==== Dataset excerpt

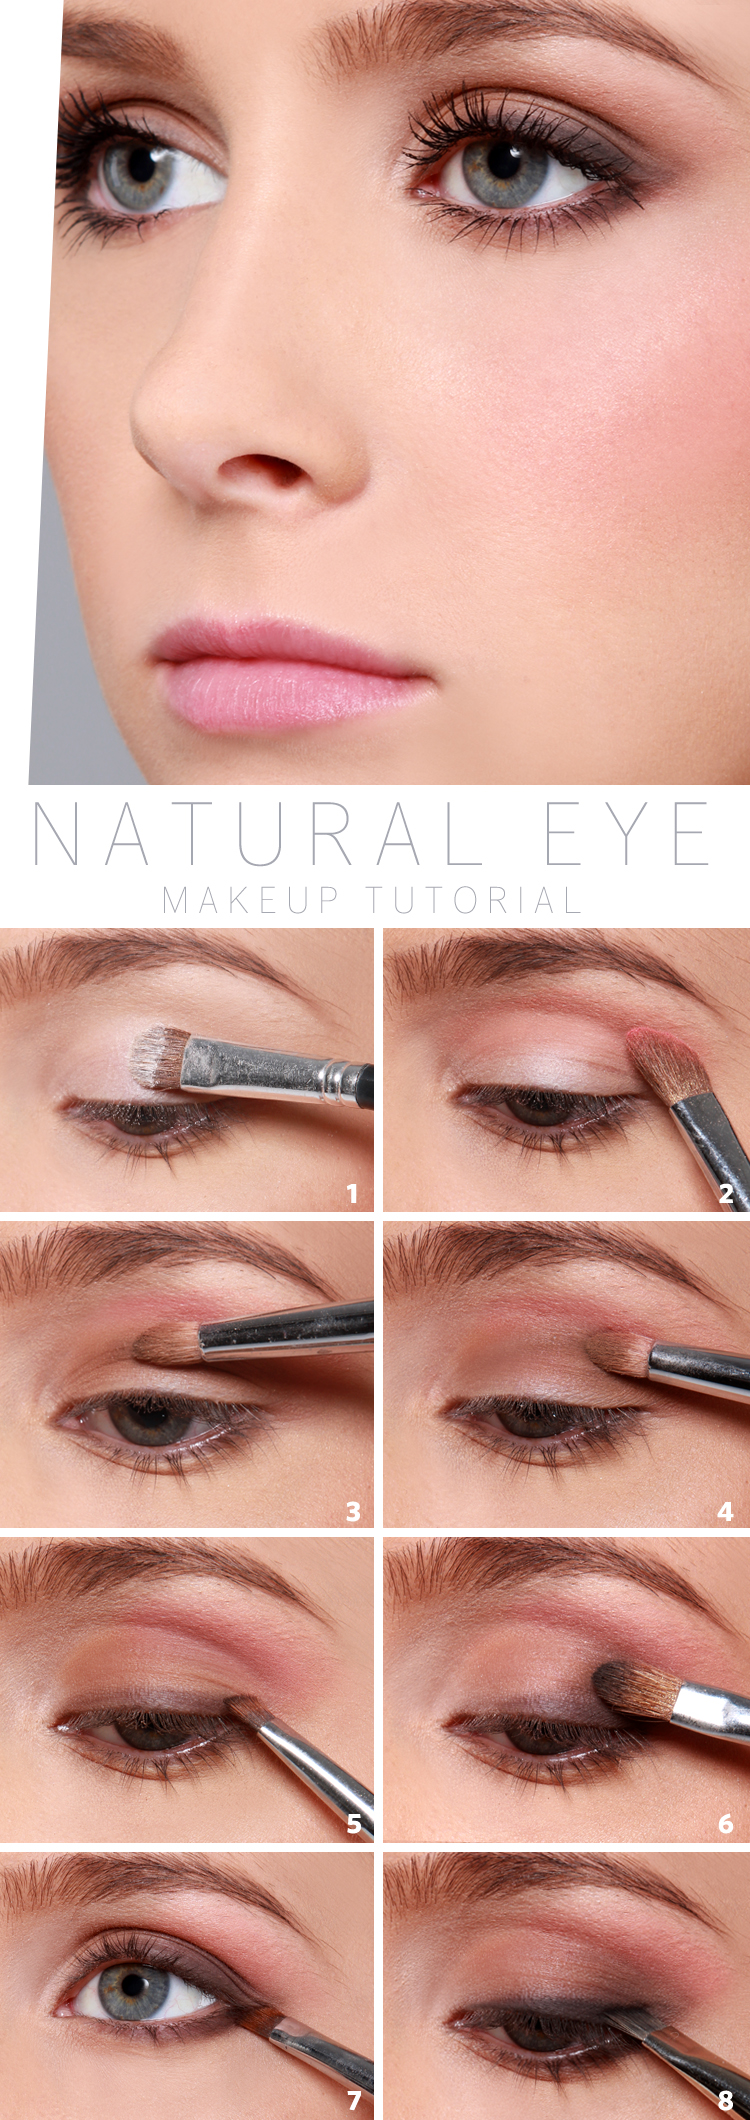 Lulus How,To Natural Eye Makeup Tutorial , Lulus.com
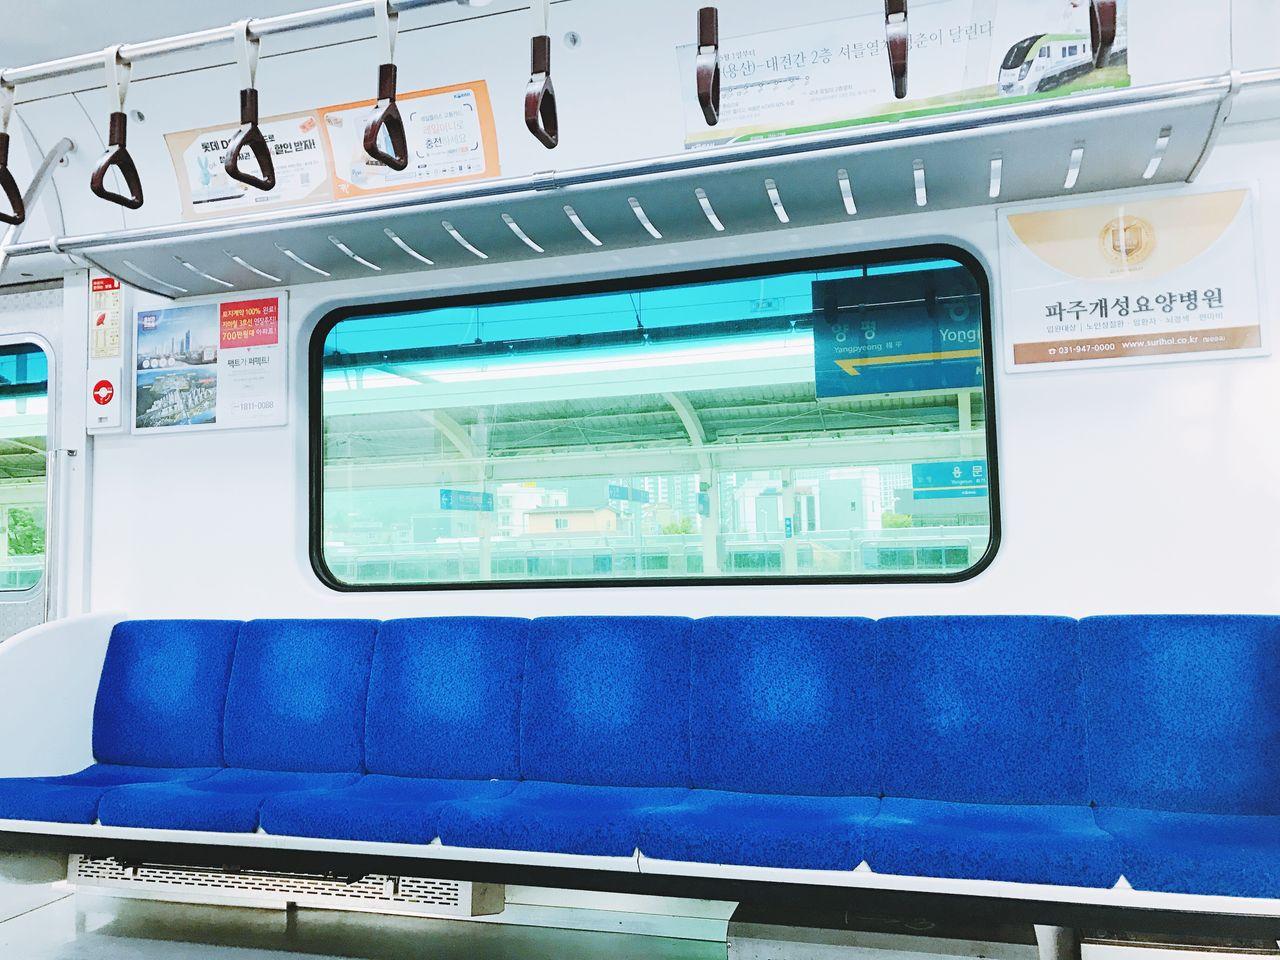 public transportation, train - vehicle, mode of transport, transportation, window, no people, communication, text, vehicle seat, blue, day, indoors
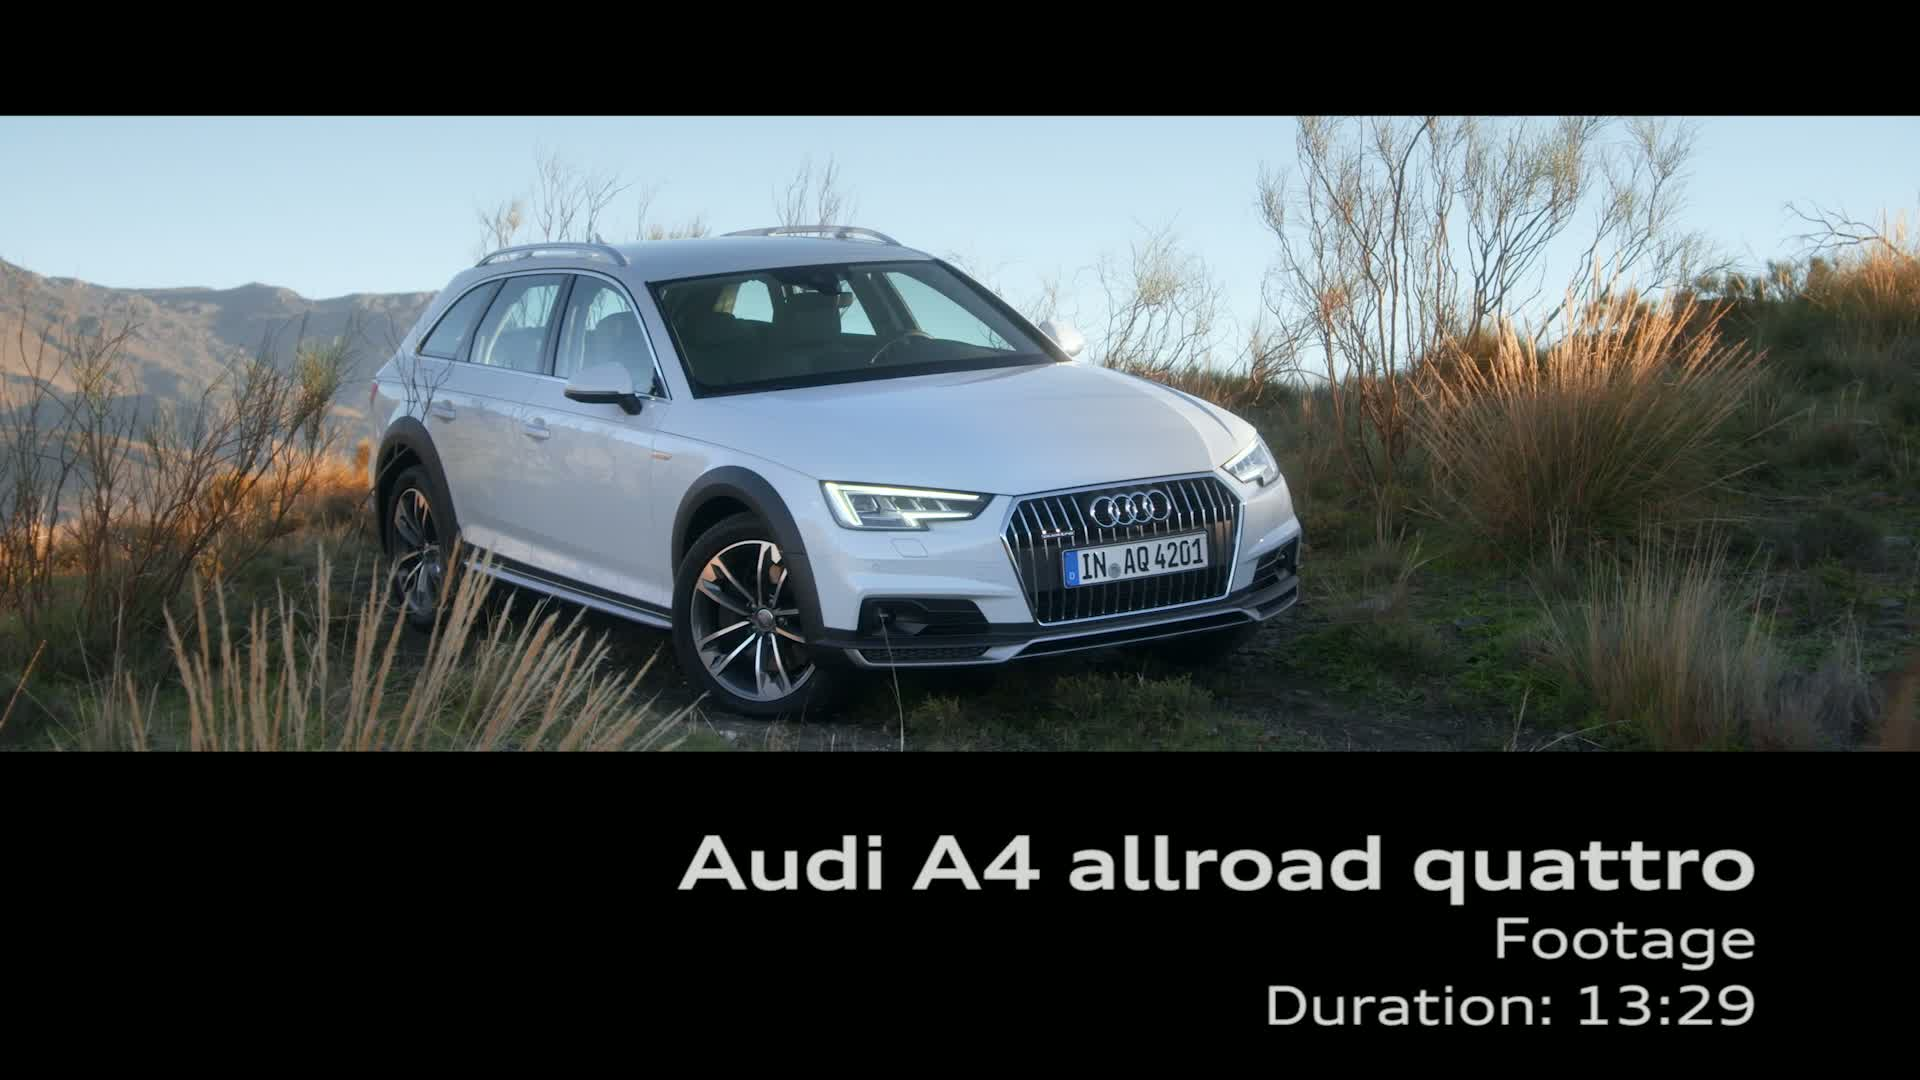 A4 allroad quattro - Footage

========

* [What the exercise asks] Your answer should reproduce every line of the data verbatim and include no images.

* [Output for this task]
 Lulus How,To Natural Eye Makeup Tutorial , Lulus.com
 public transportation, train - vehicle, mode of transport, transportation, window, no people, communication, text, vehicle seat, blue, day, indoors
 A4 allroad quattro - Footage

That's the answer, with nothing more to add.